The trickiest task was to recreate the ambient sound of the Alpine environment itself, because there’s very little of it. “High up in the Alps on a nice summer day, the mountains are so unbelievably quiet,” Lorenz explains. And the one sound they could hear didn’t exactly suit the game’s vibe. “There were a lot of cows,” he says. “Just about every recording of ambiences on the mountain contained some semblance of cowbells that I would usually have to process out.” The solution, for Lorenz, was to manufacture the sense of stillness another way. “What I ended up doing to help sell that feeling was to use a number of soft and subdued ambient winds that play off of each other and sound like they come from different distances.”

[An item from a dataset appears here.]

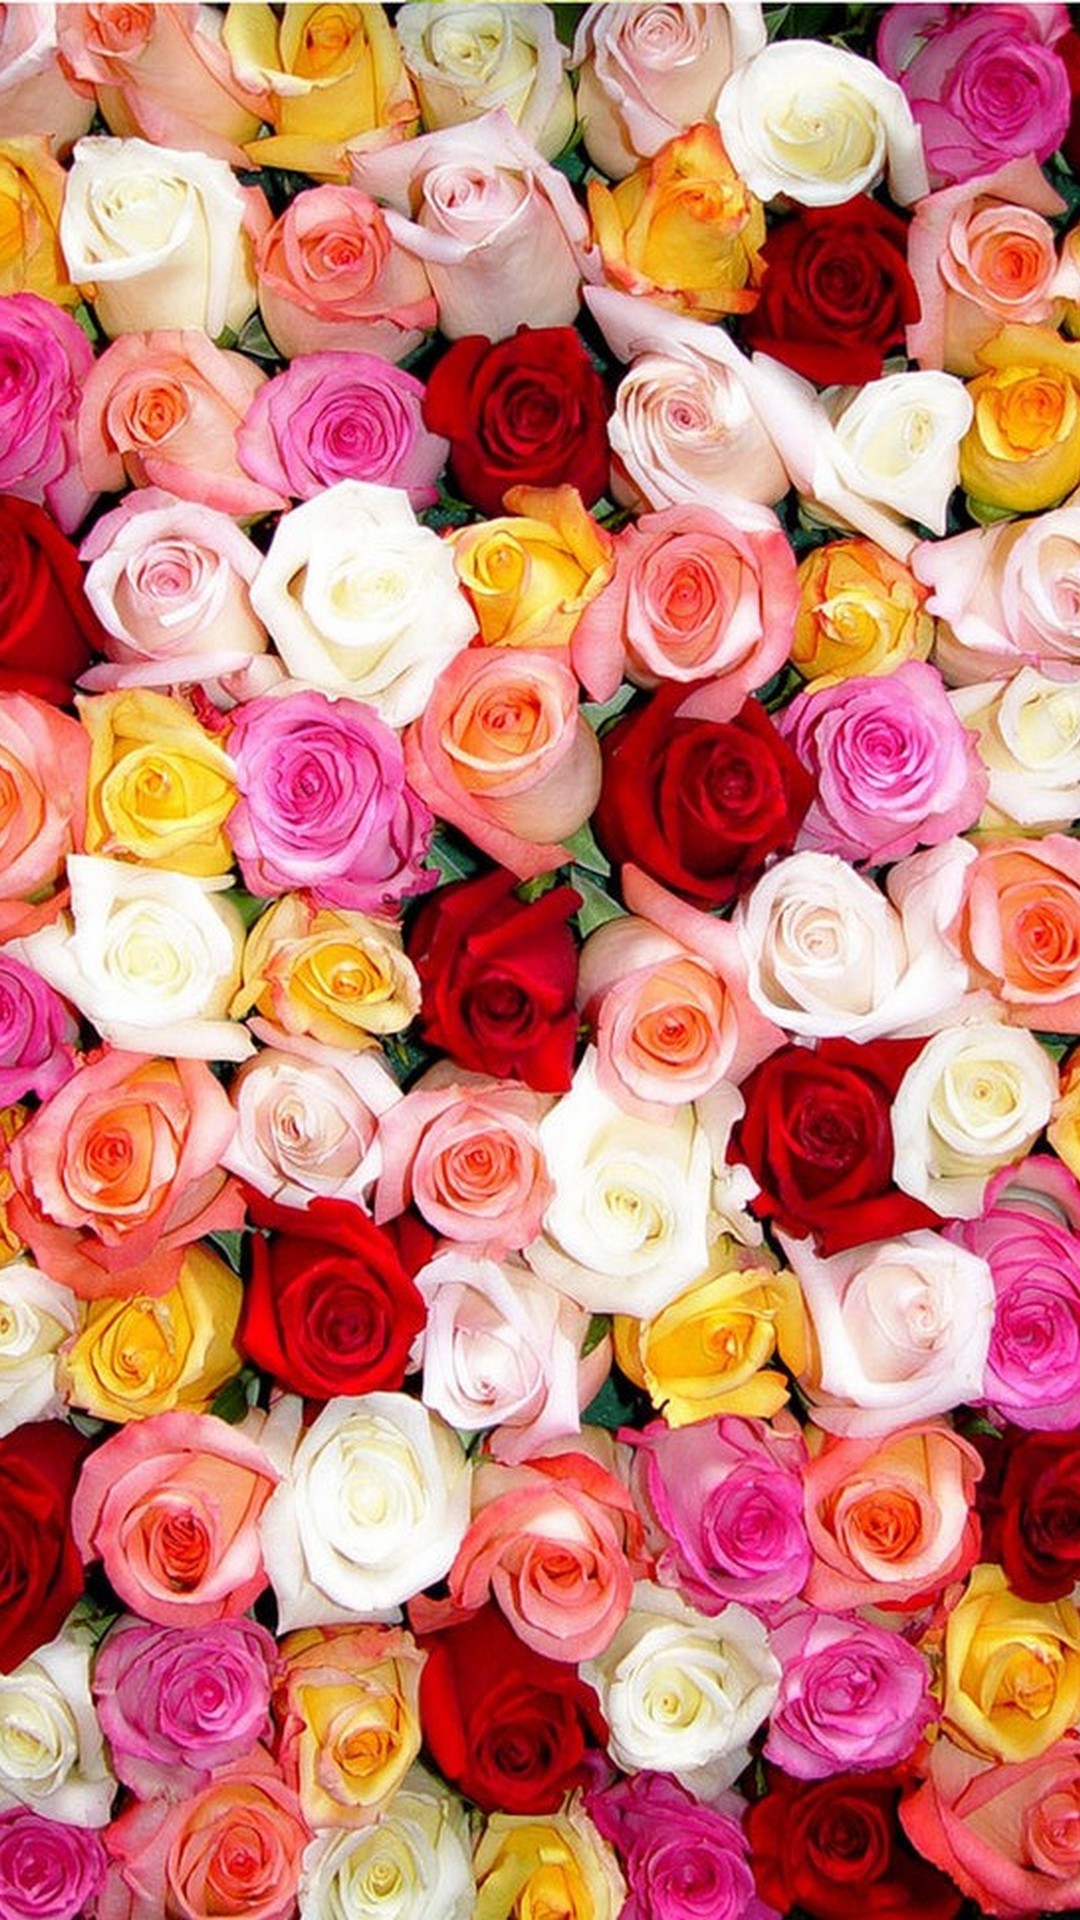 rose wallpaper rose wallpaper,flower,rose,garden roses,petal,cut flowers

It’s one more way that the old and new marry together in Mundaun to create unease and surprise. You’ll find the same contrast throughout the game’s aesthetic and lore, and in the play experience itself, which plaits scraps of action genres – driving, firstperson shooter – into rural and pagan rituals. “It was very important to me to create a game that didn’t feel like you were walking through a museum and interacting with a few static elements,” Ziegler says. “I think the feel and philosophy of Mundaun was more inspired by Mario 64 and No One Lives Forever than recent horror titles.” Naturally, integrating more systems meant more work, but it’s clear that Ziegler relishes the challenge. Take the Muvel, a rickety vehicle that had to function on very uneven terrain, where it may even get stuck. “The possibility of ‘breaking’ or glitching an aspect in the game in certain conditions wouldn’t be a reason for me to not have it.” he says. “Sure, it needs to work but I think a hyper-focus on polish and removing all edges from a game can really limit creativity and experimentation.”
Looking back, Ziegler seems at peace with his patient, hands-on approach to game development. “Some design principles that crystallised for me while developing Mundaun will probably find their way into a next game,” he says. Not least its peculiar blend of production practices. “I want to experiment more with combinations of handmade techniques and 3D.” Like the pencil marks of Mundaun, it’s about what sparks – perhaps unexpectedly – when traditional craft meets technology. “Honestly,” he says, “I can’t wait to start work on finding the next world.”